In tiny ceramic dishes at each table, she set out several different spices, including togarashi (a hot seven chili spice), pink Murray River Sea Salt (mined from an underground river in Australia), white pepper and curry. After introducing each spice, Forster invited the first round of people to step into Dish’s kitchen to sauté and grill the various veggies and then participants switched to grill the proteins. Cooking completed, everyone sat down to eat and experiment with the different seasonings: togarashi on the bok choy, curry on the garlic spinach, sea salt on the steak.

“I wanted to show that with even simple preparations you can still have big flavor,” Forster said.

The pinnacle of pampered

The biggest benefits of a retreat like this are the special amenities and insider knowledge that comes along with being teamed up with an expert like Forster. How many people can say they’ve stepped into a popular resort restaurant and cooked with professional tools right alongside the chef? Or, how many people after yoga class have been served Vosges’ warm white drinking chocolate right on their mats? This was all part of the Ultimate Threesome package.

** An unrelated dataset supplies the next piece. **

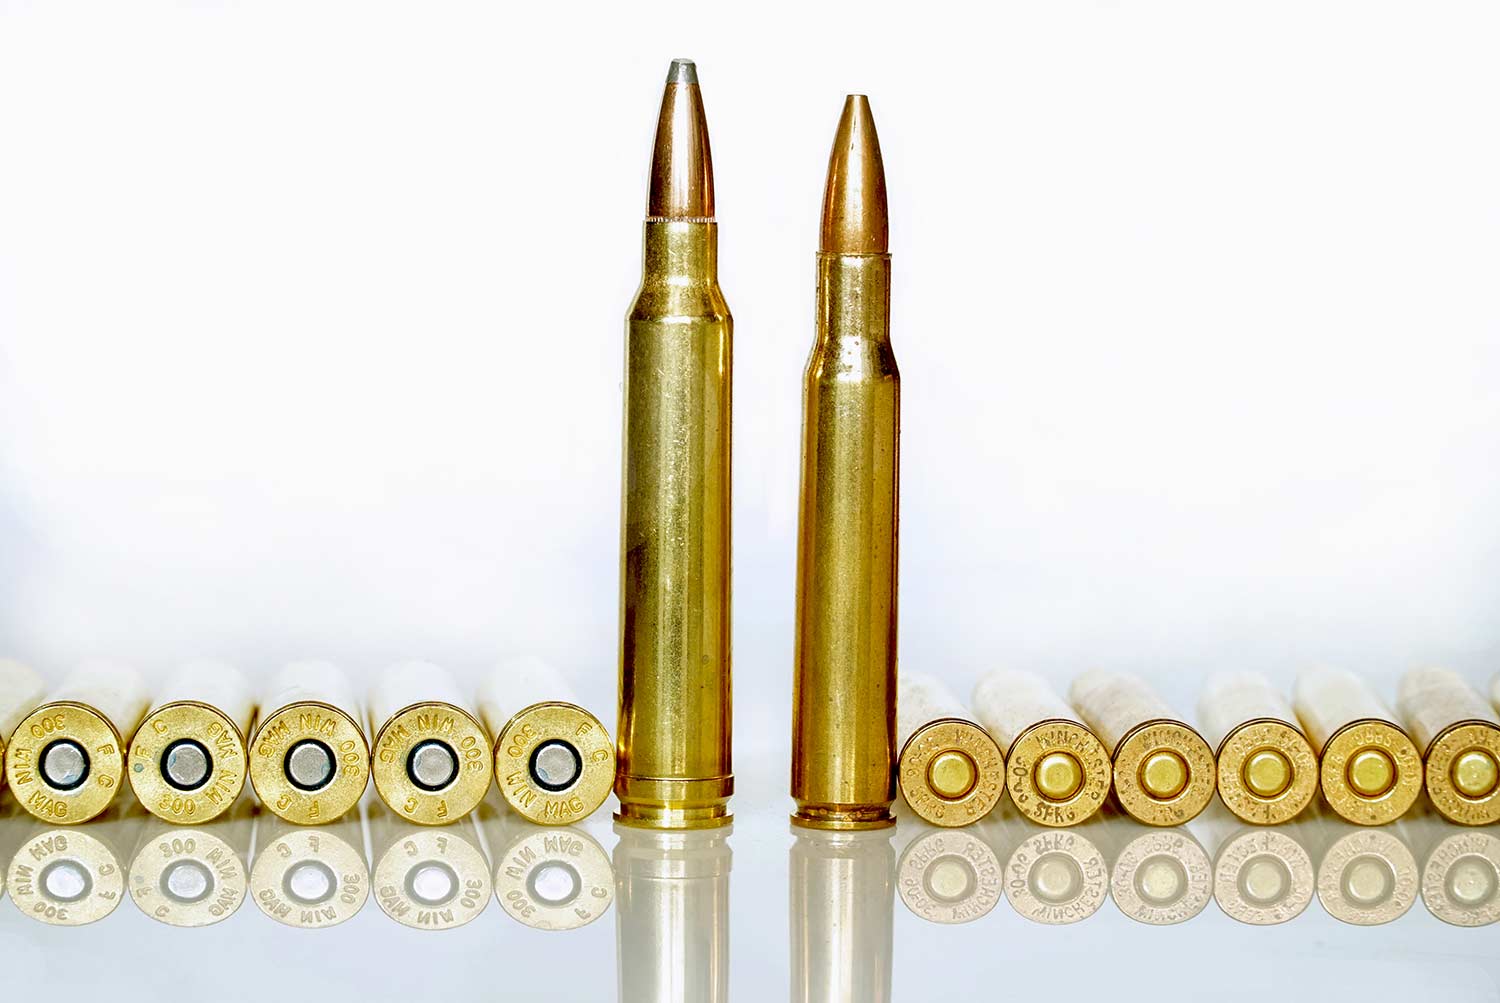 The .30/06 vs. the .300 Winchester Magnum Field & Stream

But the pinnacle of pampering occurred on day two. After skiing first tracks on six inches of fresh snow at Beaver Creek, everyone headed for lunch to Trapper’s Cabin, hidden away in a grove of Aspens off the Bachelor Gulch Lift. Forster greeted the group with cushy slippers, hot miso soup and a glass of red, as the battle ensued for a spot near the roaring fire.

This cooking lesson took place outside, underneath the intense Colorado sun alongside the grill. The menu was perfect outdoor winter fare: bitter greens salad with meyer lemon dressing, grilled Peruvian purple potatoes and line caught king salmon on cedar planks. Forster walked us through all the ingredients and then her sous chef, Kevin Delonay, demonstrated how to whisk flawless salad dressing. Forster’s cooking classes weren’t lofty affairs, but down-to-earth lessons applicable for everyday meals. She revealed enough tricks of the trade, however, to make you a better cook.

“I encourage you to taste all your ingredients. First raw, then a little bit cooked and then seasoned, so you can taste the evolution of the meal,” Forster said.

Romanelli set the intention for the entire weekend during the retreat’s opening yoga class. A mantra of his, Romanelli challenged everyone to live in the moment.

“Sometimes we let the foreground of our life — the e-mails and the worries — get in the way of appreciating the background,” Romanelli said. “And the background, the landscapes of our life, is what we really remember.”

Romanelli’s charge was not taken lightly, but at retreats like this one, where activities center around heightening the senses, those visceral moments naturally seem to linger.

Cassie Pence is a freelance writer based in Vail. E-mail comments about this story to cschnell@vaildaily.com.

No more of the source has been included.